Happy New Year to all 




I think if you click on the picture, you'll see the video. First time posting one from my iPad


----------



## bonbean01 (Dec 31, 2012)

Happy new Year Kristi!!!!

Love, love, love that video...I just can't stand how cute lambs are when they start to hop around!!!  And usually not that long after being born...can't wait for mine...any day now


----------



## Southern by choice (Jan 1, 2013)

That is so cute!


----------



## alsea1 (Jan 1, 2013)

Are these Dorper?  Its nice when they are so strong and vital.


----------



## RemudaOne (Jan 1, 2013)

Hey Bon , glad to have found a way to post videos that you can view!! I love it when they get to the ants in the pants stage too, can watch them for hours......or until they fall asleep, lol!

Alsea, yes they are Dorpers. Fast growers. You might consider breeding that Kat ewe to one for some nice meaty babies .


----------



## ThreeBoysChicks (Jan 1, 2013)

Very cute.


----------



## Southern by choice (Jan 1, 2013)

The only thing wrong with the video is that itis clearly TOO SHORT! 

Now I want lil baby lambs!

Iguess I'll have to settle for kids in Feb.


----------



## bonbean01 (Jan 1, 2013)

Kristi...yes!!!!  I was so glad that video opened for me...and I agree with Southern...it is too short...they are so cute!!!!


----------



## RemudaOne (Jan 1, 2013)

LOL, Y'all are silly . Here's another short one.

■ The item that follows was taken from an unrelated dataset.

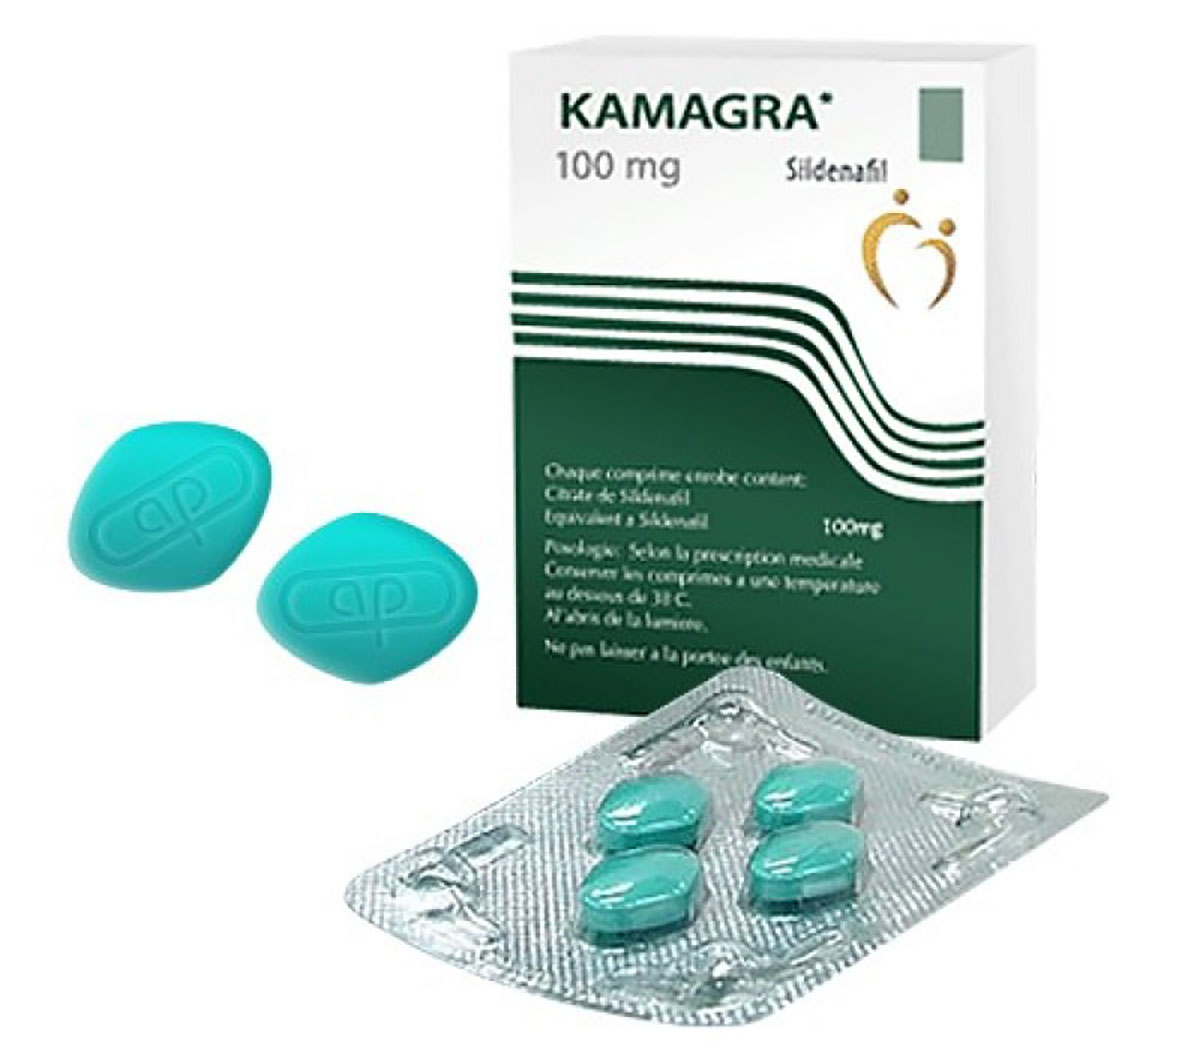 Kamagra (Sildenafil Citrate) - Vorteile aund Nachteile
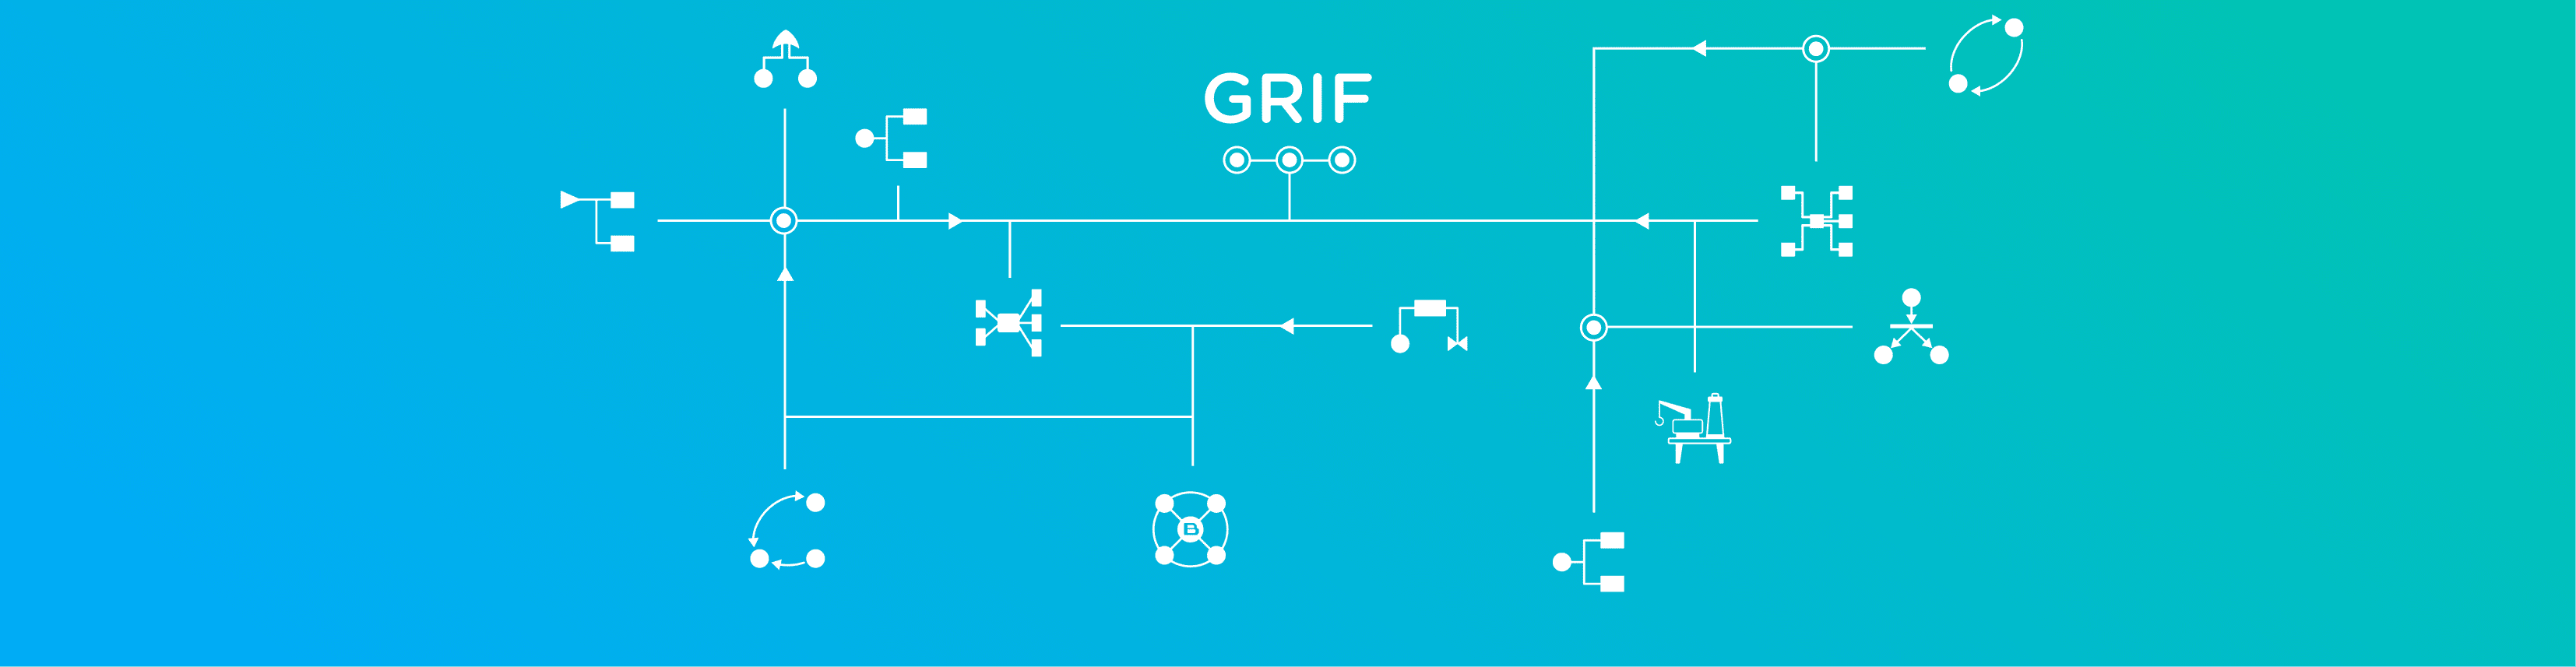 Suite logicielle GRIF

I'll take my iPad out there in the morning and see if I can get a longer one of the lamb races...... Weather permitting, of course . The little ram is the one that won't be distracted from the wet bar .


----------



## bonbean01 (Jan 1, 2013)

Too cute!!!!


----------



## alsea1 (Jan 1, 2013)

I am def. going to get a dorper one of these days. 
I really like the look of the black belly but I prefer the growth rate and size of the katahdin and dorpers.


----------



## Queen Mum (Jan 1, 2013)

Cuteness overload!


----------



## Shelly May (Jan 3, 2013)

I just love the little lambs, So much spunk !!!


----------